I personally avoid destructors altogether, I haven't yet found a case where I really needed one because there is no way to explicitly destroy an object.

As for the signal handling.. thats interesting. I do get zombies if I don't properly do pcntl_wait(), but I have no problem just killing them when the parent process is also gone. I personally just really dislike 'ticks', and they are also considered depreciated since 5.3. I believe the alternative is the non-blocking signal checkers also introduced in 5.3.
Dave • Dec 03, 2008
Then how about instead: forking the process into the "master" and then the master forking child processes as needed once it itself has been daemonised? i.e. calling pcntl_fork() twice. That way you can setup your monitoring environment and then launch your child processes. Or you could launch the child processes as CLI scripts that are simply controlled via the daemonised script? That is a method I've used in the past.

I have not looked at PHP 5.3 yet, but previously ticks where required; without them you could not set a custom signal handler and where forced to rely on the defaults which meant no clean way of killing your script - hence my comments!

Looks like I will have to go do some reading up on PHP5.3s PCNTL / POSIX changes.
Dave • Dec 03, 2008
Follow-up and going kind of off-topic too (sorry):

According to the PHP manual pcntl_signal relies on ticks to attach a custom signal handler (http://ca.php.net/manual/en/function.pcntl-signal.php) but ticks are being removed (just as you said) as of PHP6 (http://ca.php.net/manual/en/control-structures.declare.php#control-structures.declare.ticks) as declare() is being repurposed to set the character encoding.
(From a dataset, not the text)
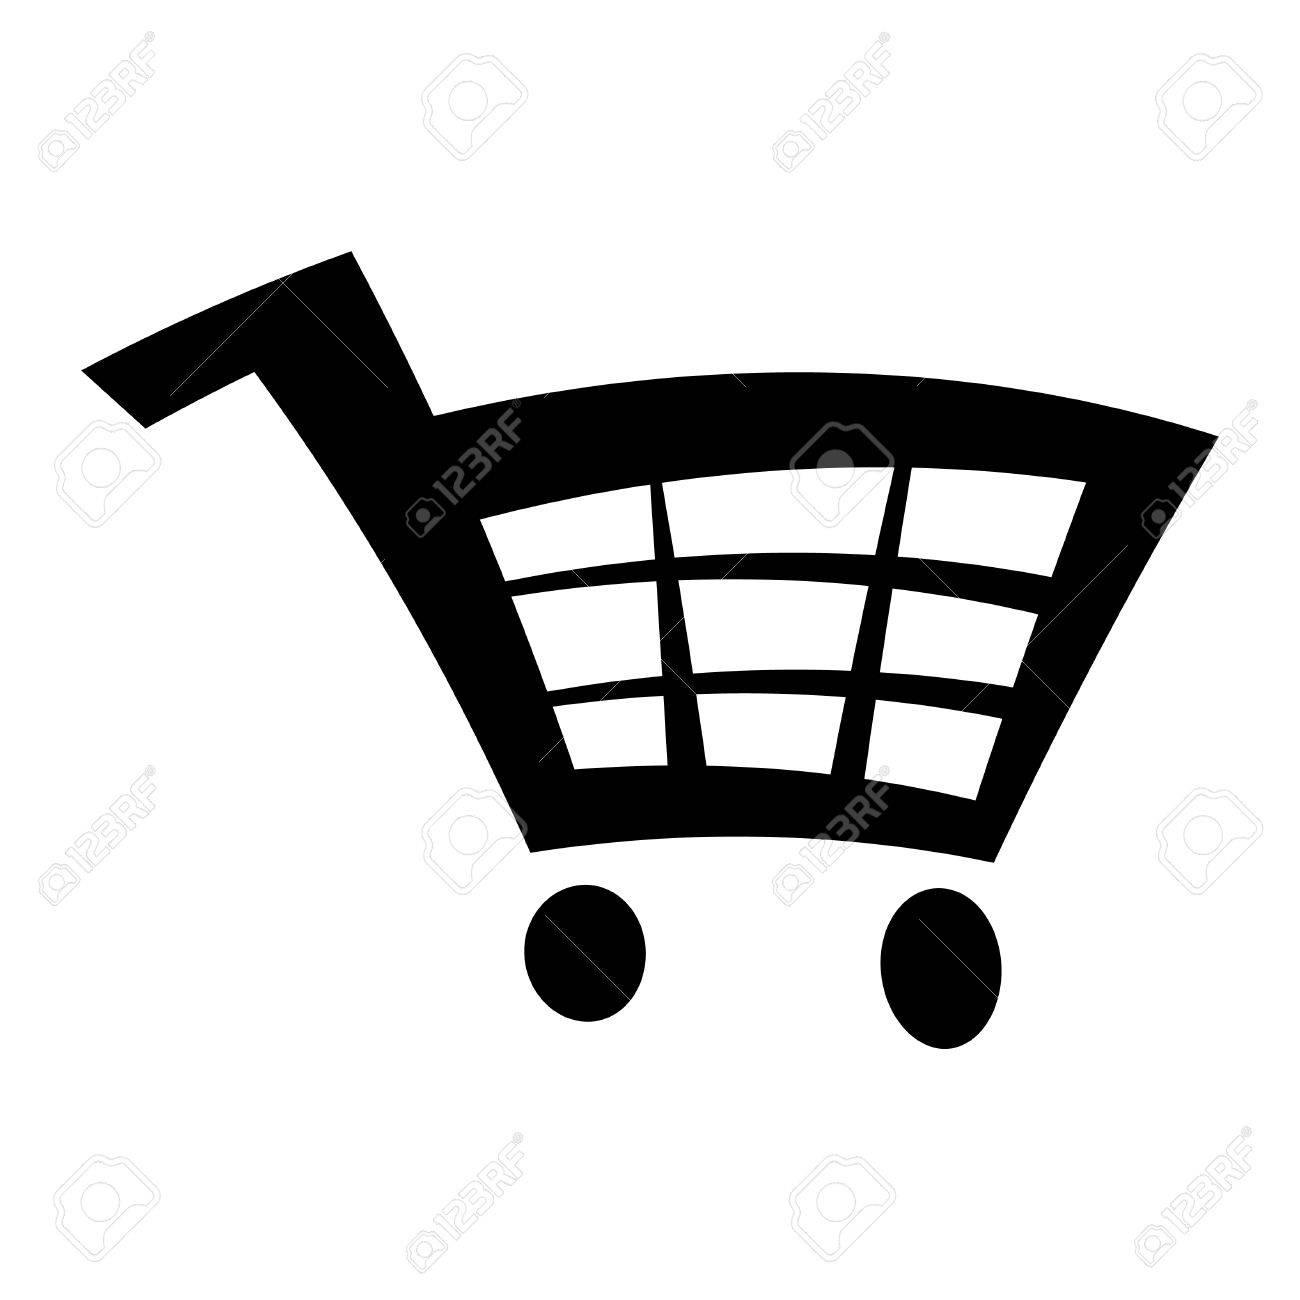 shopping cart vector icon royalty free cliparts vectors and stock rh 123rf com shopping cart vector png shopping cart vector image
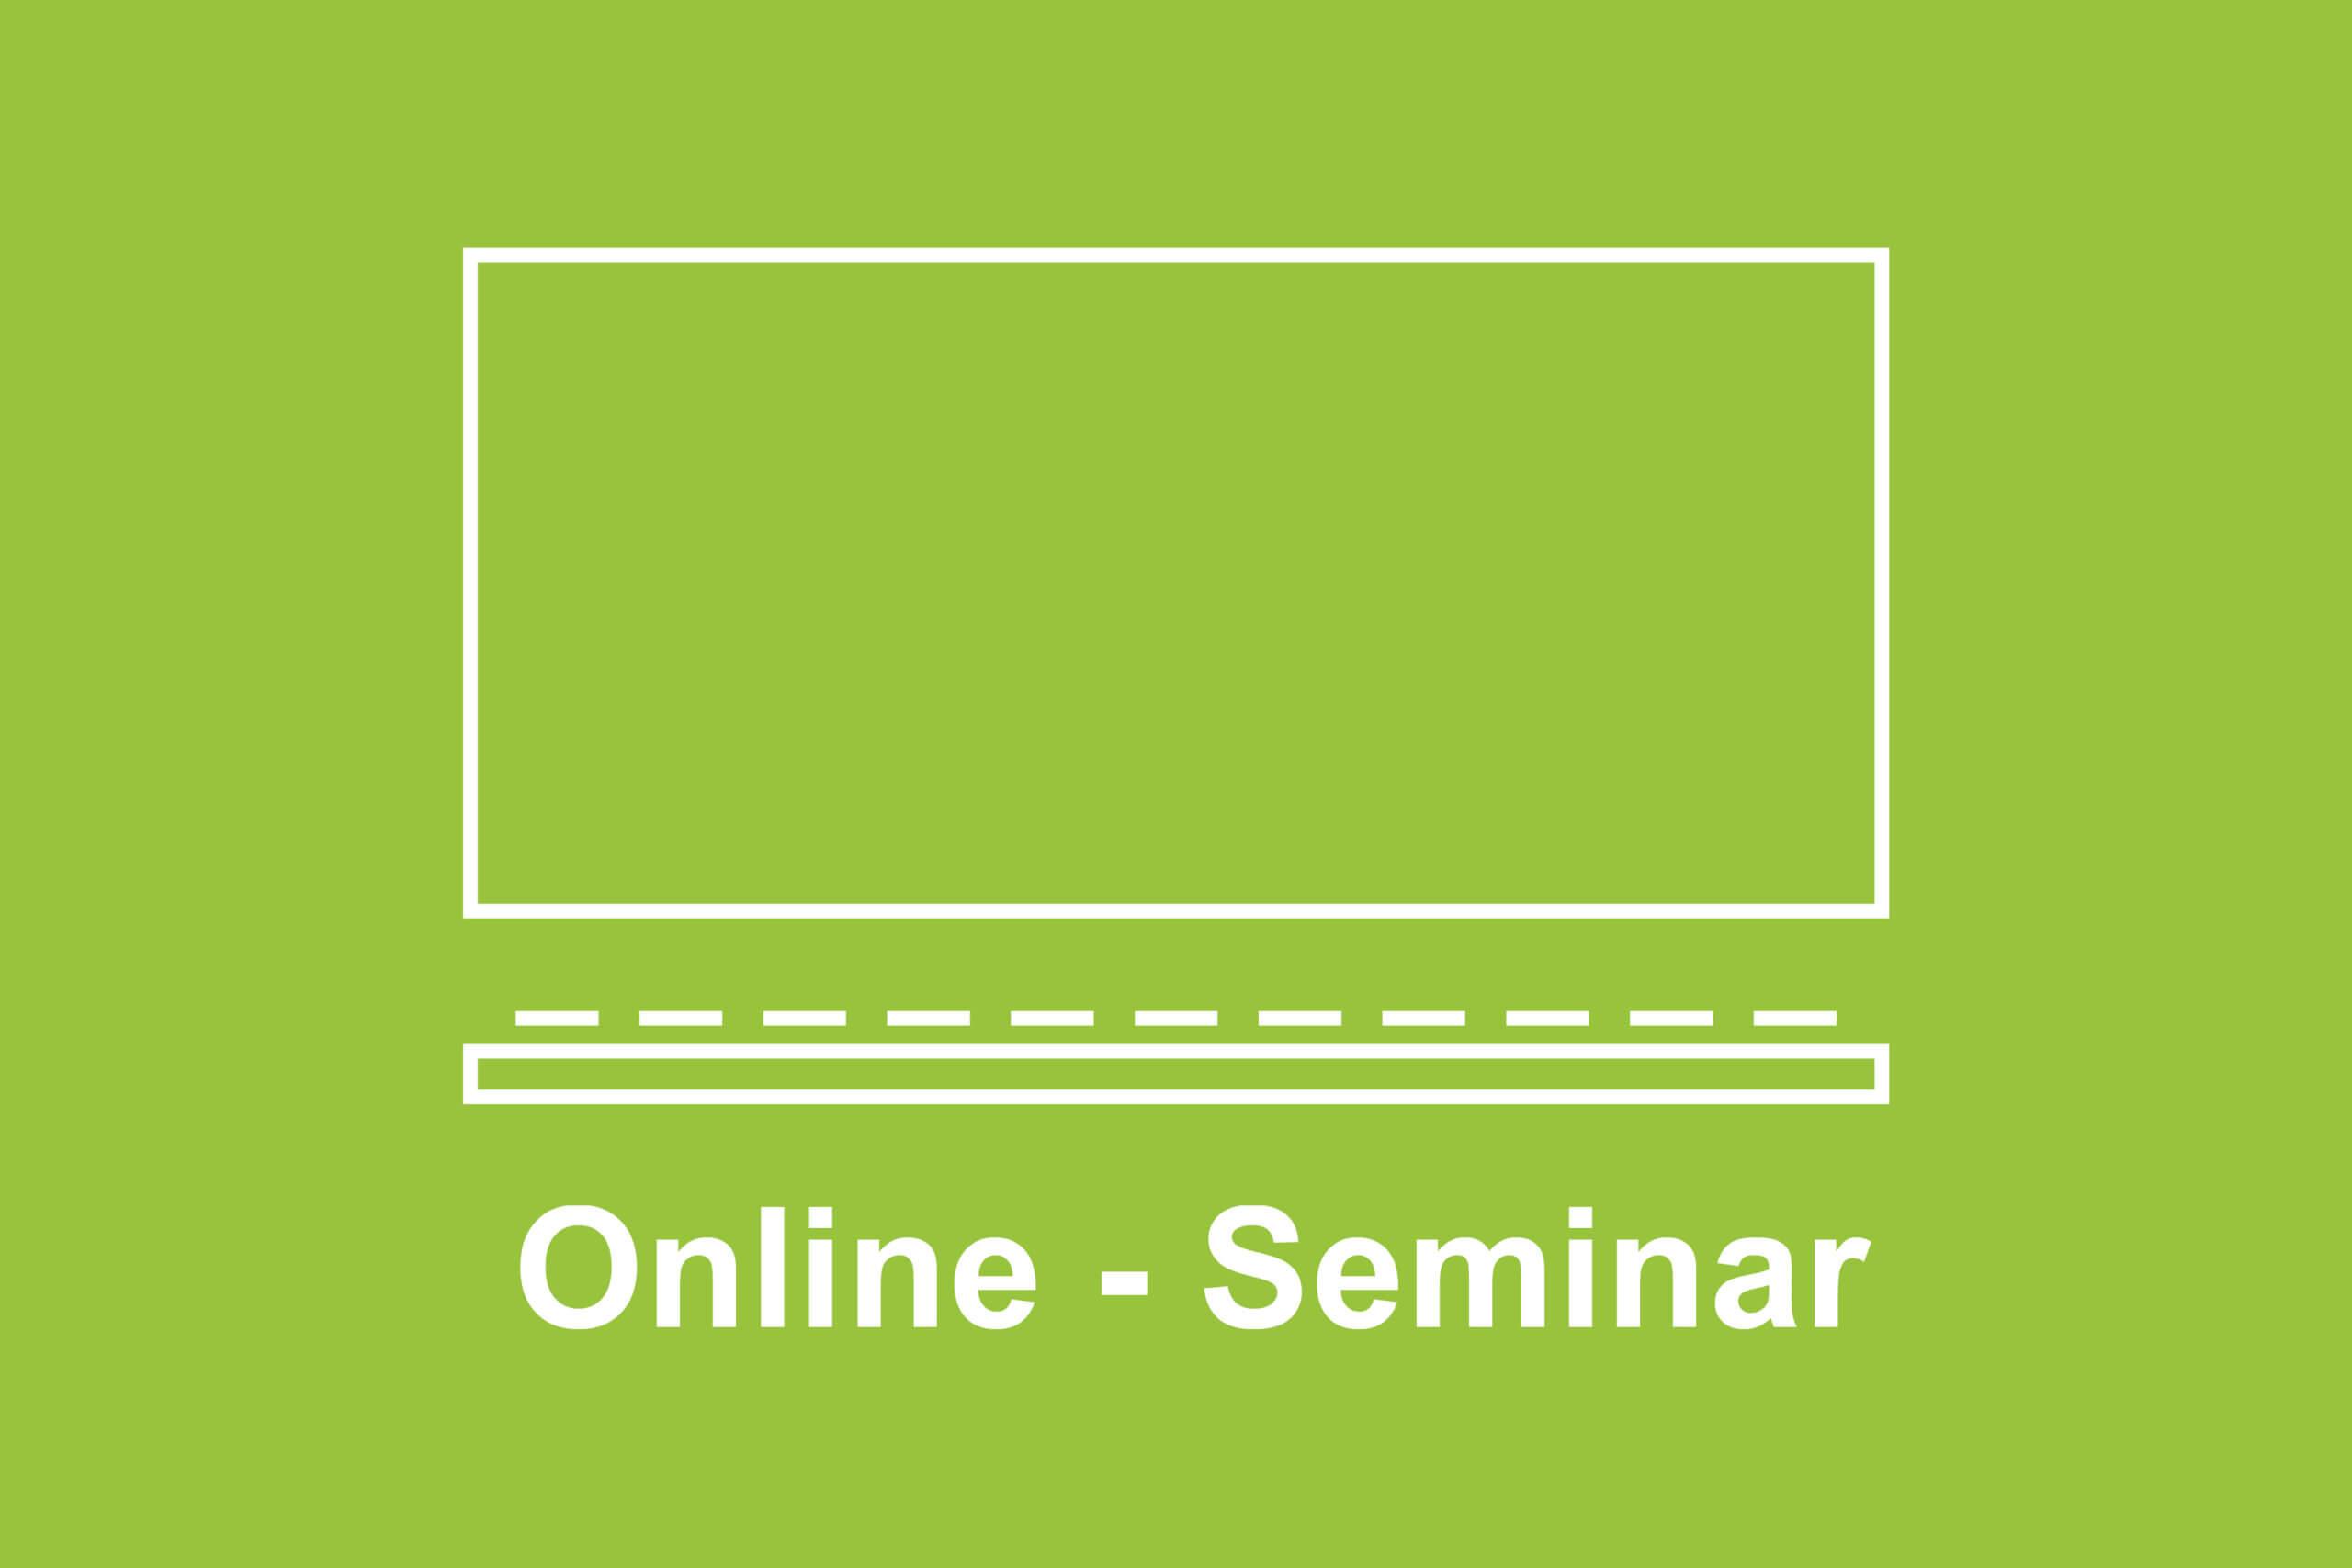 KIN-Expert-Online-Seminar: Qualitätsmanagementbeauftragte in der Lebensmittelbranche

So in that case, how on earth do you attach a signal handler?? Unless I am missing something very obvious, as of PHP6 there will be no ability to do this - unless pcntl_signal() is updated - but there are no examples or updates to the docs reflecting the state of declare(ticks) or what the "new" method is.
Evert • Dec 03, 2008
using php5.3 you can check for signals in a non-blocking fashion.. Ticks in general are a bit of a hack, and a little nasty I feel :). Sleep()ing the master and checking for signals every x seconds will work fine for my purposes. Quite frankly, I'm not monitoring for signals at all at this point. For my purposes, I have trouble finding a reason to do this.. but maybe I'm completely missing something.

as to your other point, I would be able to fork the 'master', but then I'd need to setup some IPC/semaphore stuff to communicate the jobs..

That all being said, disconnecting/reconnecting to mysql is really cheap. It also happens for every single http request. I don't really have any issues doing this, so its not much of a concern for me right now :)
Geoff • Dec 03, 2008
In my experience, using popen() or proc_open() works much better than forking. Yes, it's a slightly more expensive operation, but you don't have to worry about the child destroying the parent's resources.
MagicalTux • Dec 06, 2008
I personally had to fight this, and found the best solution is to close all mysql connections after a fork.

I have a SQL object with a forked() static method that will close all open SQL handles and notify all existing SQL instances objects.

When another query is ran, each instance will automatically reconnect on an "as needed" basis.
Evert • Dec 06, 2008
Our MySQL class also only makes the connection upon hitting the first query.

However, I close all connections right before I fork.. Seemed to be the best way to go about it.